HE came over Tuesday night stayed for about 20 minutes maybe less, left me more confused then ever,He said he wanted to be with me and in a relationship, But then made a comment that he wanted to see me happy even if it was without him ( he must of heard my songs on myspace) ( he knows I like lyrics) or it was just a coincidence?
He says he wants to be in a relationship with me BUT on his terms... When he is not working (which is pretty much 24/7), he will squeeze me in. BUT work comes first it is just who he is. I just wonder what he is going to do when he is older and can't do this job anymore? Will his gun and un served warrants keep him warm at night or hug him when he is scared and lonely? So does that mean I am suppose to sit around collect cob webs and wait for him to call to ask me out? Dust my self off and be ready and say OK!
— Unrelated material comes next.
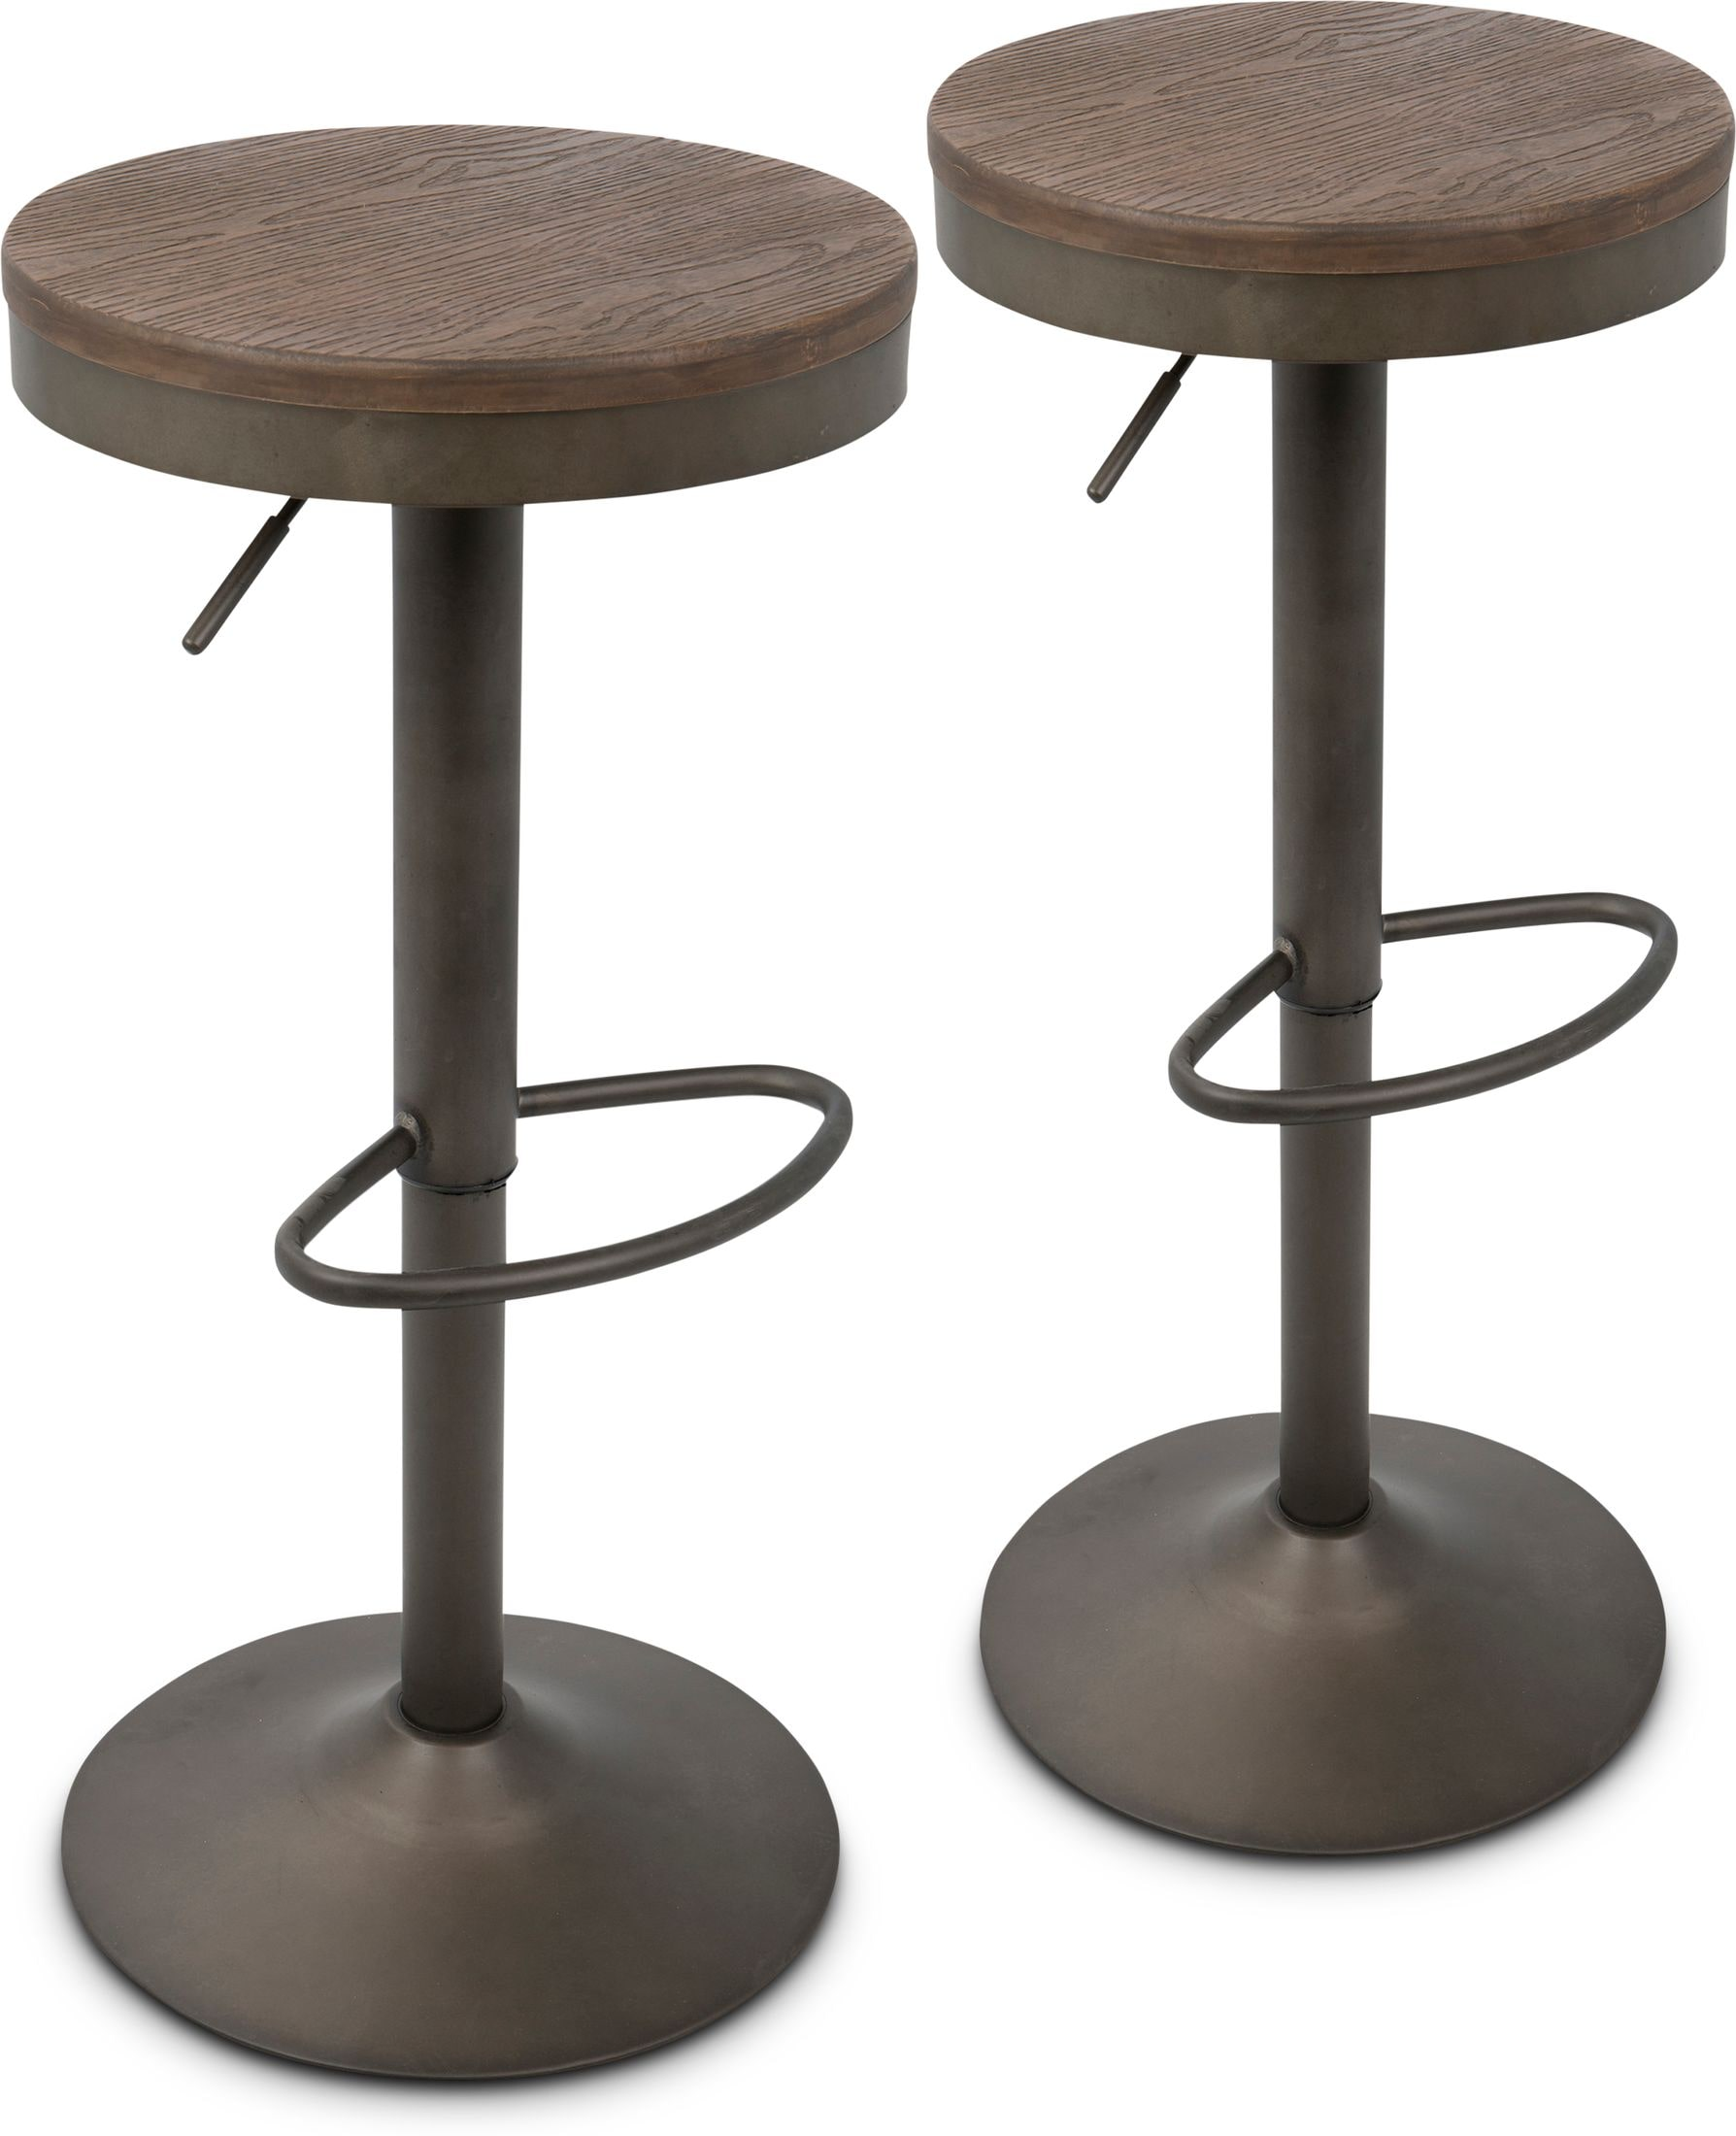 Dining Room Furniture - Noa Set of 2 Adjustable Swivel Bar Stools

He said with summer coming his job his only going to get worse.
But he also told me that his last relationship was a very passionate one. I don't get how he had a passionate relationship if there was never any time? BUT then again she does live in the same town as him. So maybe?
I don't know I am so confused!
I don't want to hurt him. BUT I don't want to be hurt either.
Maybe we are just better off friends? I don't want things to get messy and ugly. I don't want to hurt or get hurt.
Just knowing some of the things I know though from all our talks makes me sad! I hate this!
Maybe just date? no relationship? no fuss no muss? no strings? go back to friends and go from there? Can you really go back though? Is that possible?